You should upgrade or use an alternative browser.

- Thread starter Antiphon
- Start date

- #1

- 1,681

- 3

direction of motion increases. But what about it's intertial mass

perpendicular to the direction of motion? Does it also increase?

And finally, what about the gravitational field "produced" by the

mass. Has it increased as well?

- #2

- 10,055

- 1,223

https://www.physicsforums.com/showpost.php?p=687759&postcount=71

or scrutinize the addendum to the sci.physics.faq

http://math.ucr.edu/home/baez/physics/Relativity/SR/mass.html

or just differentiatie the expression

p = m v / sqrt(1-(v/c)^2)

with respect to v.

Perpendicular to it's direction of motion, the "transverse mass" increases by a factor of gamma (same two references).

The gravitational field of a moving mass is not the same in all directions. It experiences a large increase when the motion is transverse, and no change when the motion is directly towards or away from the source.

I've done some calculations on the tidal force of a moving mass, which is easier to define in the strong field case. You can't measure the gravitational field of a moving object directly without an external reference frame to define what a "straight line" is, making the calculation a bit ambiguous, but you can measure the tidal force an object experiences directly with no ambiguity.

Early versions of this caclulation were flawed, but I think I'm getting the right answer this go-around. I've actually had this result for a while, but have been too busy to post it (also I thought I'd just wait until the question came up again, this is a question that comes up all the time).

The results in Schwarzschild coordinates are

For an unmoving mass, and in Schwarzschild coordinates, the tidal forces are

in the [itex]\hat{r}[/itex] direction 2m/r^3

in the [itex]\hat{\theta}[/itex] direction -m/r^3

in the [itex]\hat{\phi}[/itex] direction -m/r^3

For a mass moving directly towards or away from the source (i.e in the [itex]\hat{r}[/itex] direction), there is no change in tidal force. (This is documented in MTW's gravitation, for instance, I can find the page # if anyone is interested).
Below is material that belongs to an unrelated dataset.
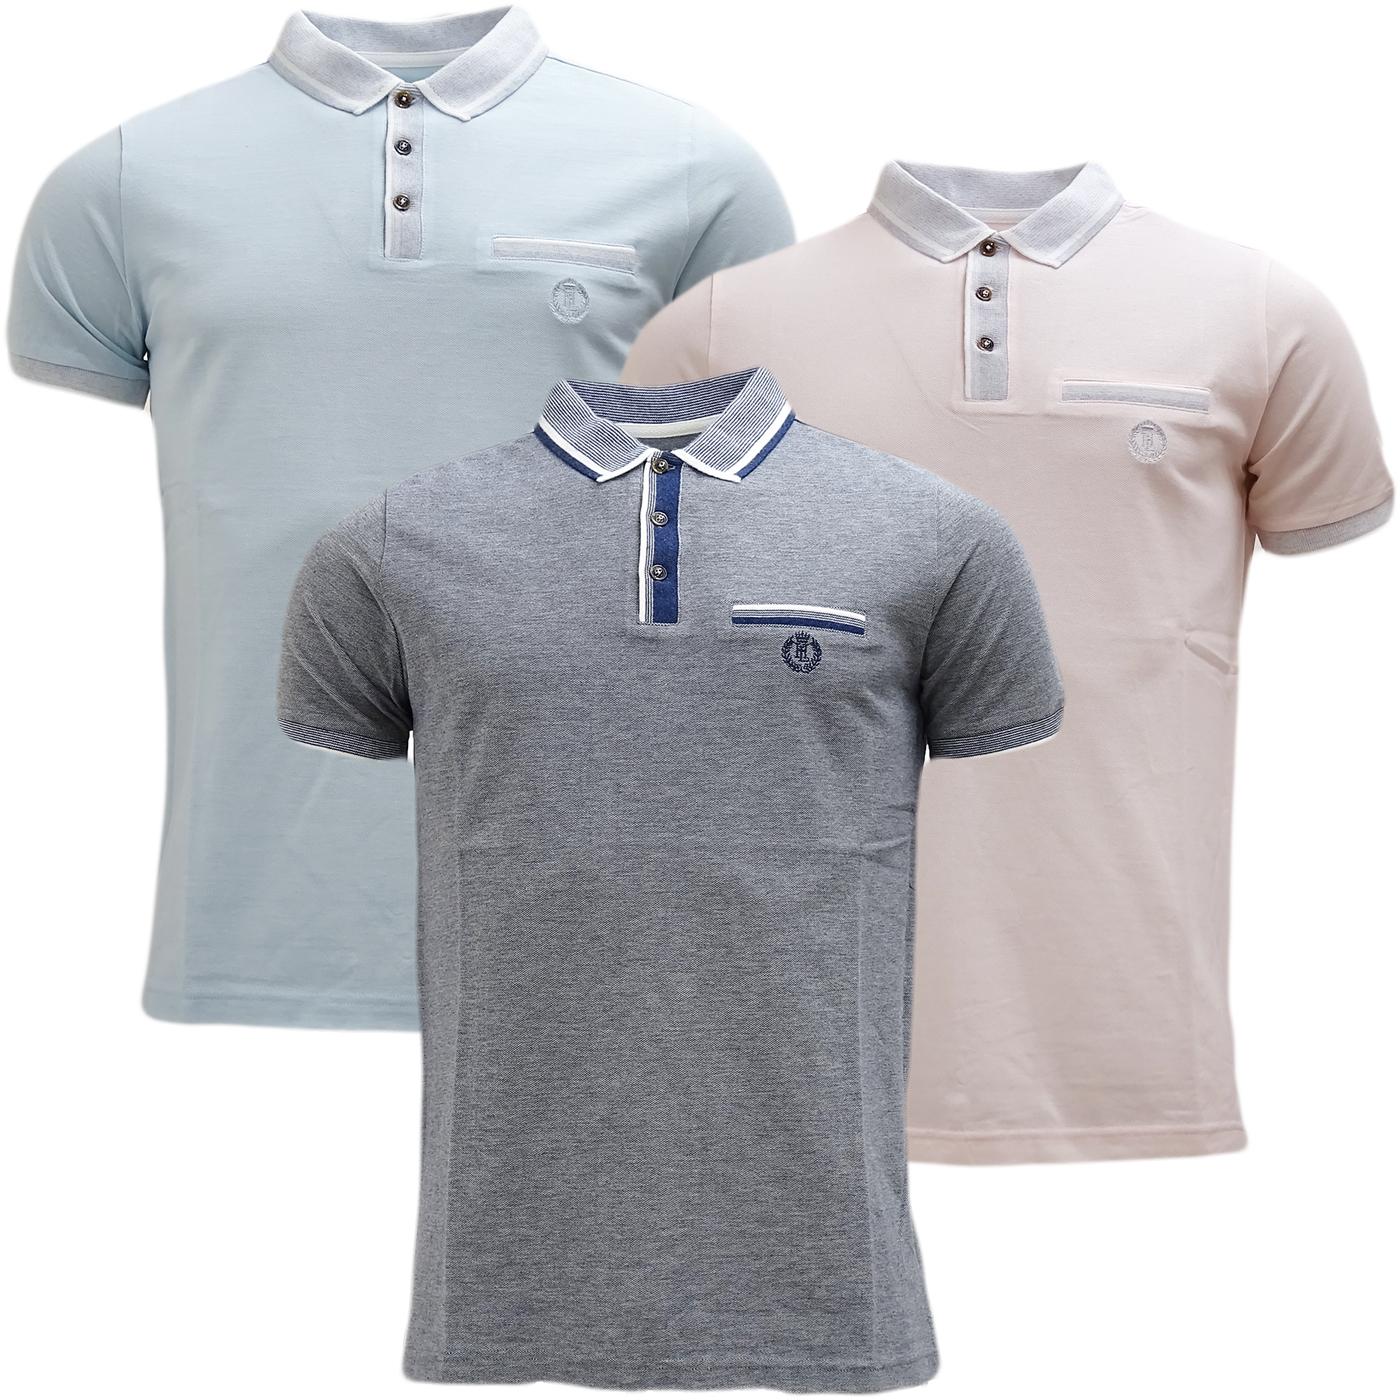 Henri Lloyd Contrast Collar / Cuffs - Pique Polo Shirt - Highland

For a mass moving at right angles to the source (i.e. in the [itex]\hat{\theta}[/itex] direction), the tidal forces become

in the [itex]\hat{r}[/itex] direction (2m/r^3)*(1+v^2/2)/(1-v^2)

in the [itex]\hat{\theta}[/itex] direction -m/r^3 - no change!

in the [itex]\hat{\phi}[/itex] direction -(m/r^3)*(1+2*v^2)/(1-v^2)

Note that geometric units were used for the above caclulations, so factors of G and c have been replaced with '1'.

These results haven't been checked by another person yet, and there isn't any textbook reference for them that I've been able to find (except the MTW reference about how the tidal forces do not change when you move directly towards the source).

The good news is that the trace (sum of the digaonals, i.e. the three formula above) is zero, which is what one expects. The fact that the 'r' and 'phi' components behave differently is not surprising because Schwarzschild coordinates are not isotropic.

A rough outline of the calculation: calculate the Riemann tensor in the Schwarzschild basis (or in Schwarzschild coordinates and normalize the metric so that the basis vectors are all the same length), boost the Riemann by the velocity, and calculate the tidal forces via the geodesic deviation equation.

[sidenote: there is an induced rotation relative to the fixed stars due to the passage of a large mass, quite analogous to geodetic precession, but the centrifugal forces due to this induced rotation do not contribute to the geodesic deviation.]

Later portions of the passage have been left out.